Your tap water is on the harder side and if you were growing any other medium than coco I'd say skip the calmag, but coco grows love calcium. Do you know what your water hardness is from? What is the landscape, does the water source come from or through a limestone area? You may have plenty in your tap water!
You should be prepared to flush pretty regularly to control mineral buildup in your medium but coco flushes easily.  From the sound of it, you made a very good choice!


----------



## khush (Sep 10, 2019)

stinkyattic said:


> Don't start feeding seedlings until they're a couple weeks old, and even then, go real light.
> Your tap water is on the harder side and if you were growing any other medium than coco I'd say skip the calmag, but coco grows love calcium. Do you know what your water hardness is from? What is the landscape, does the water source come from or through a limestone area? You may have plenty in your tap water!
> You should be prepared to flush pretty regularly to control mineral buildup in your medium but coco flushes easily.  From the sound of it, you made a very good choice!

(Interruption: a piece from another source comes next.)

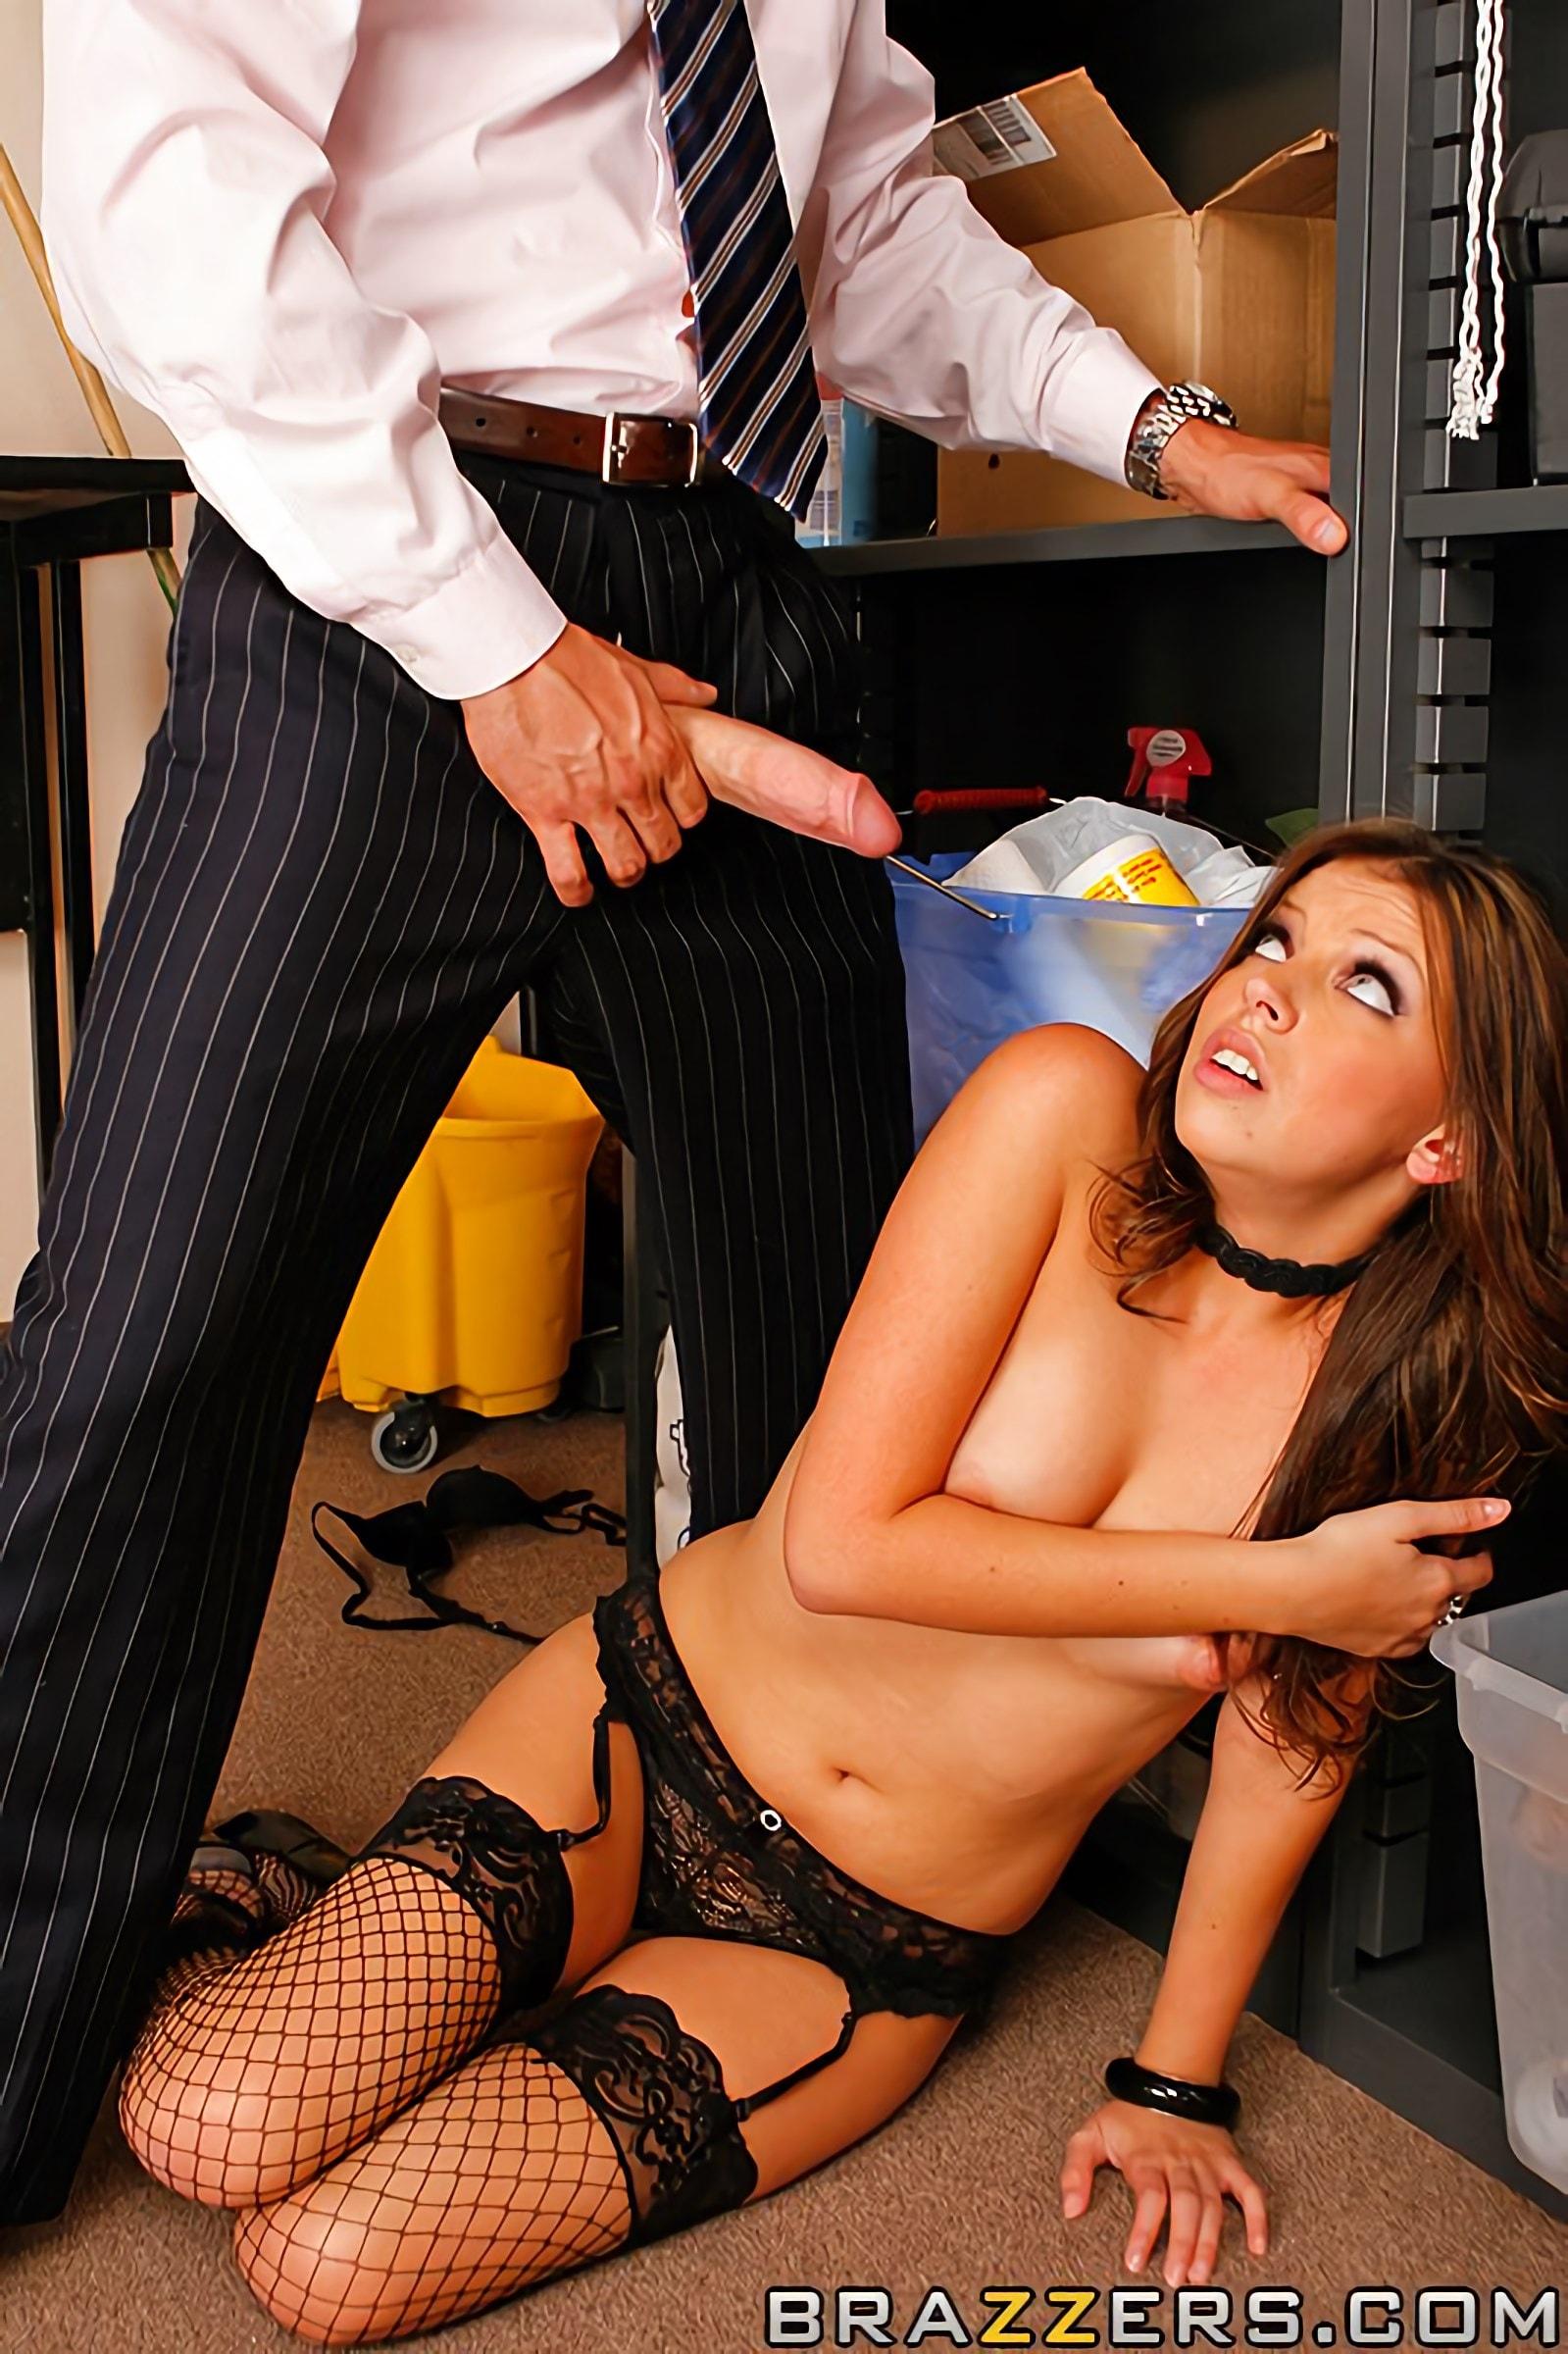 Секретаршу наказывает босс порно
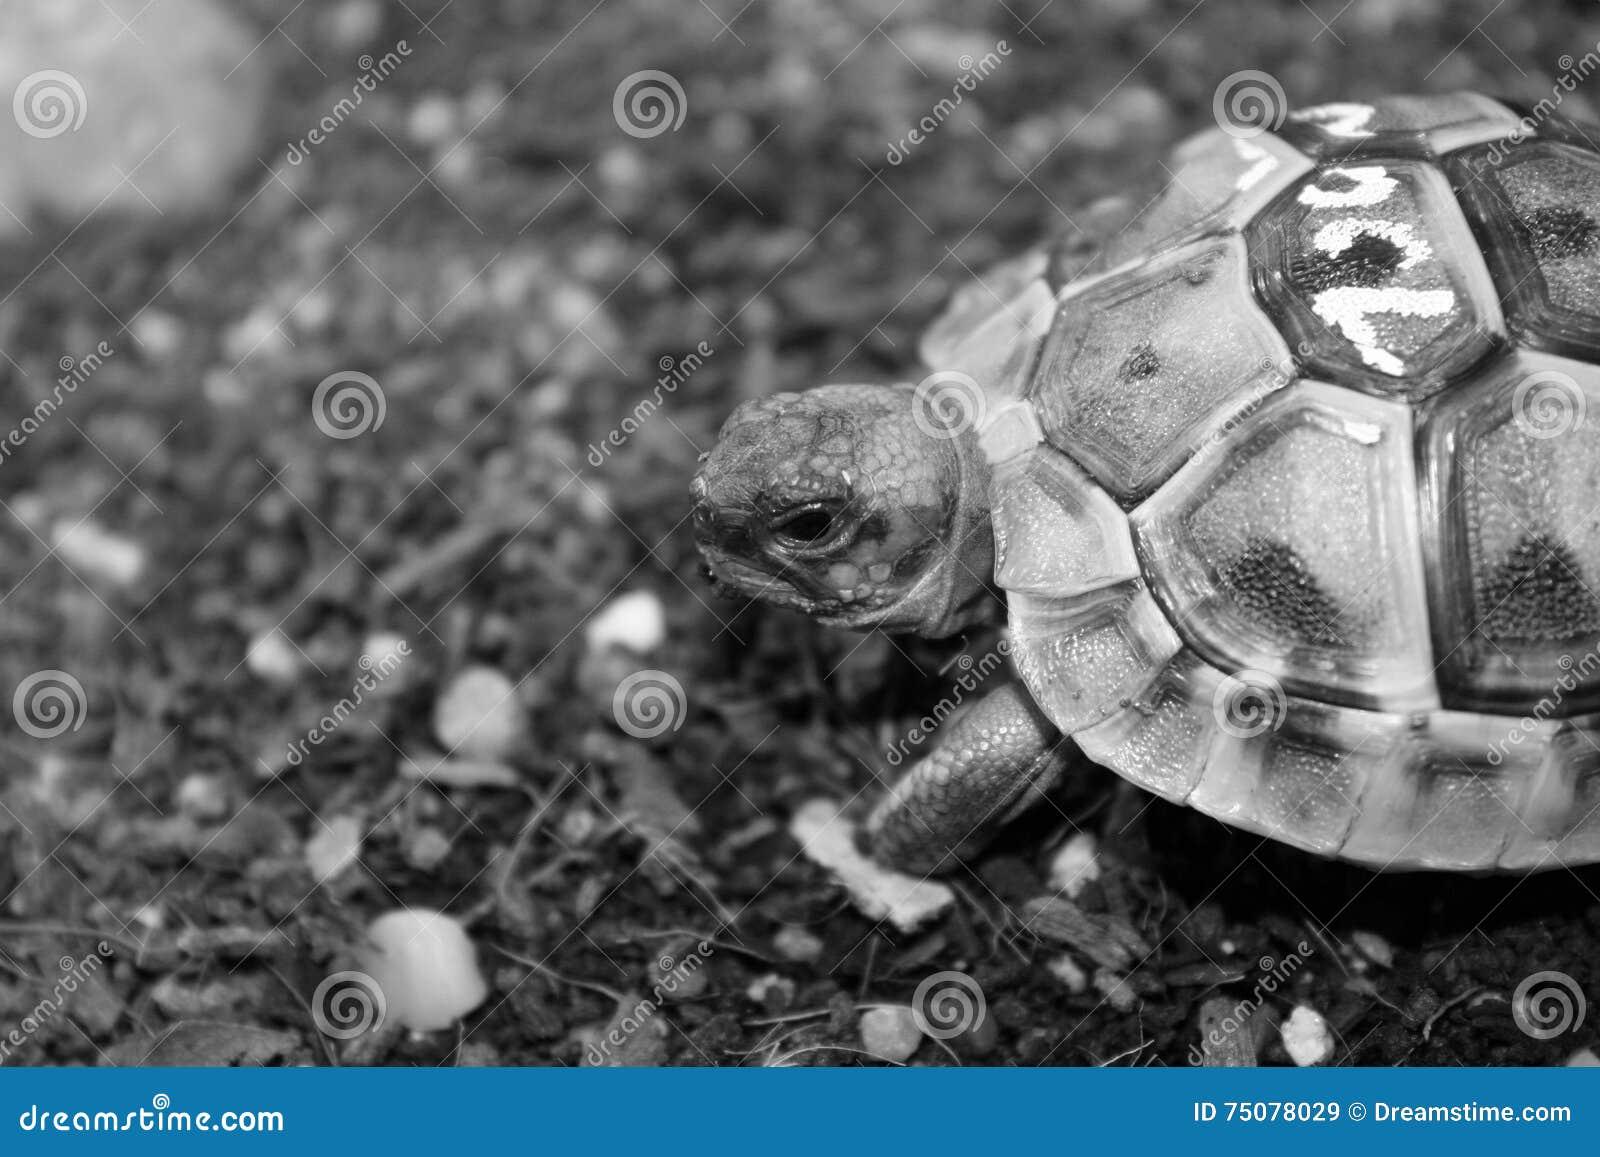 Turtle Terrarium Small Pet Animal Raptiles Tropical Stock Image

Hi thanks a ton for the advise, unfortunately living in the place i do i probably couldnt get info on the water however i will make an effort to get that info. Its also worth mentioning that ill be planting my seedlings directly into their final container so how would i water a five gallon pot with seedlings


----------



## Rosebud (Sep 10, 2019)

Hi Khush, welcome. It is hard to water a seedling in a five gallon pot and not way over water it.  Marijuana likes a wet/dry cycle and it is hard to dry out a plant with no roots or not many in the pot.  It can be done, but not as easy as you may think. I am an organic dirt farmer so i am sorry i can't help you with ph and ppms... But I do want to say glad you are here. Let us know how we can help.


----------



## The Hemp Goddess (Sep 10, 2019)

Welcome to MP.

I think it is a mistake for several reasons to plant a seedling into a large container.  If done carefully, there is no reason that a plant needs to suffer when you transplant it.  

I generally tell people to follow the directions for the nutrients they are using.  I usually start out with about a 25% solution when the plants are 2 weeks or so.  Then I work up from there as the plants get older until I get to full strength, unless I notice nute burn, in which case, I back off a bit.


----------



## khush (Sep 11, 2019)

Rosebud said:


> Hi Khush, welcome. It is hard to water a seedling in a five gallon pot and not way over water it.  Marijuana likes a wet/dry cycle and it is hard to dry out a plant with no roots or not many in the pot.  It can be done, but not as easy as you may think. I am an organic dirt farmer so i am sorry i can't help you with ph and ppms... But I do want to say glad you are here. Let us know how we can help.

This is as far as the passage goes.